If you’re looking for convenient and affordable ferry tickets, then 12GoAsia comes highly recommended (from personal experience).
Packing List for the Philippines
The Philippines is renowned for having little to no wifi, dodgy cellphone reception, even dodgier electricity, and limited infrastructure. Regardless of that, this country has so much more to offer than our millennial creature comforts.
This packing list will help you to be prepared for the Philippines has to throw your way:
- A pair of slip slops
- A pair of trainers (for hikes)
- Underwear (unless you’re impartial)
- Light summer wear (shorts, t-shirts, dresses, etc.)
- A rain jacket (in case that typhoon hits)
- Sun hat and sunblock
- Swimming costume
- Sarong (I find this so much easier to travel with rather than a towel)
- Toiletries (shampoo, conditioner, body wash, face wash, moisturizers, deodorants, etc.)
- Battery pack (I found this essential as you never know when you may not have electricity)
- Camera (specifically a GoPro since most activities are water-based)
- A day pack to use during tours
- A book (for those rainy days and you need to do something that doesn’t involve the bar)
- Basic first aid kit (this is specific to what you know you need when traveling. There are pharmacies but they are far more few and far between then Indonesia)

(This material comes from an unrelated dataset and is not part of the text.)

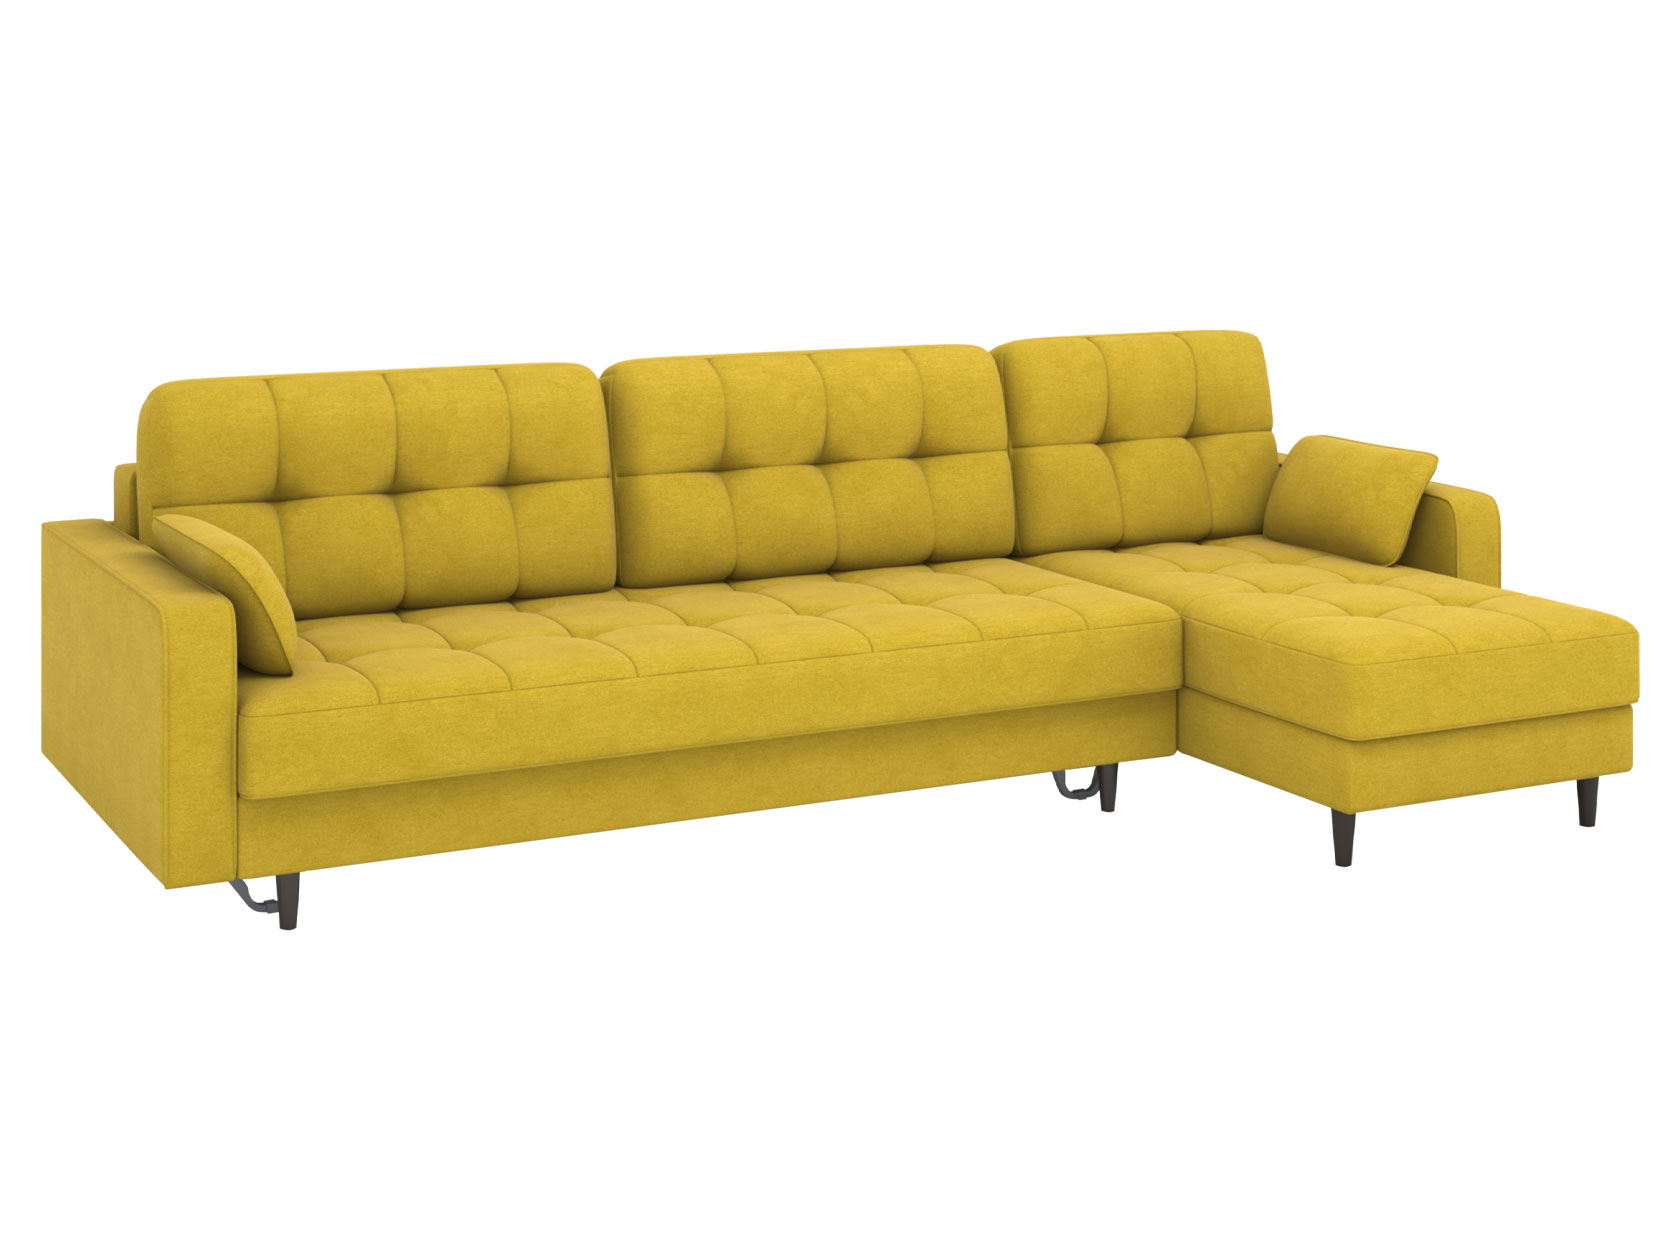 Угловой диван с оттоманкой Диван Санфорд с оттоманкой макси Санфорд Макси фото 31
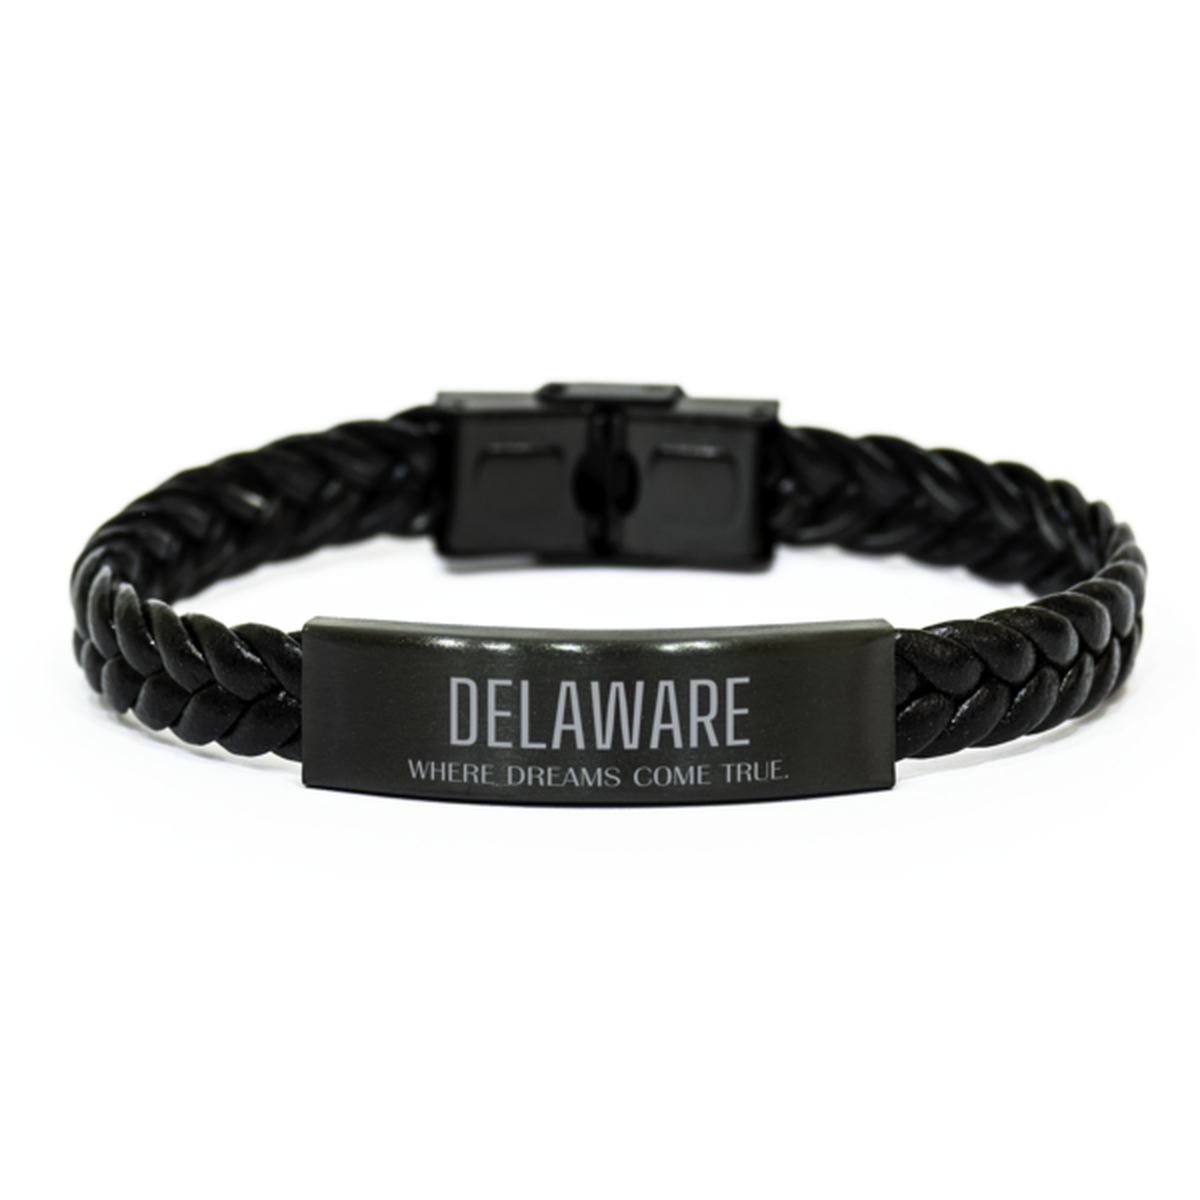 Love Delaware State Braided Leather Bracelet, Delaware Where dreams come true, Birthday Inspirational Gifts For Delaware Men, Women, Friends

- Mosquito repellent and after-bite cream
- Headlamp (torches on your phone obviously work but searching through a backpack with one hand can be annoying AF)
For a different kind of packing guide, check out this Digital Nomad Packing List.
Philippines Travel Tips
These are some more golden nuggets of information to help you along your way to your big adventure. These are just a few.
One thing that should definitely be noted before you leave to travel the Philippines is money. The Philippines predominantly works with cash, the Philippine peso. This is all well and good, except that ATMs are scarce.
Even in Manilla’s international airport, there was not an ATM in sight. I suggest exchanging money before going to the Philippines, even if it is just enough to buy water while waiting for your connection in Manilla.
Like a lot of Asia, the Philippines is infamous for its haggling culture. Be prepared to barter for most things, especially when it comes to grabbing a motorized tricycle to get around. These tricycles are the Philippines’ version of the Indian tuk-tuk and are the main mode of transport, along with scooters and infrequent public buses.
If, like me, you struggle with haggling, and just generally say yes to any absurd price, then this guide on how to avoid getting ripped off is definitely going to help you (thanks Ollie).
I had heard from many of my vegan and vegetarian friends who traveled the Philippines before me that it is so difficult to find veggie-friendly options. However, luckily, I didn’t seem to struggle with food. Due to growing tourism in the Philippines, there is a larger demand for vegetarian options and the people have provided.
I am known for not being very fussy though, and can generally live on rice and soya sauce for weeks. However, if the food is a worry for you I would suggest packing a few dry snacks for emergencies. Things like nuts and date balls are a great option to tide you over until you get to a restaurant or convenience store where you can find something suitable.
The Philippines is an extremely special and unique part of the world and those lucky enough to walk through its jungles, swim in its crystal clear waters, interact with its loving people and knuckle down and bear witness to its storms will have their hearts changed forever.
As Jose Rizal said, “The divine flame of thought is inextinguishable in the Filipino people, and somehow or other it will shine forth and compel recognition.”
Hopefully, this travel Philippines guide allows you to prepare for your trip in a way that only leaves room for awe and amazement during your experience in the Philippines.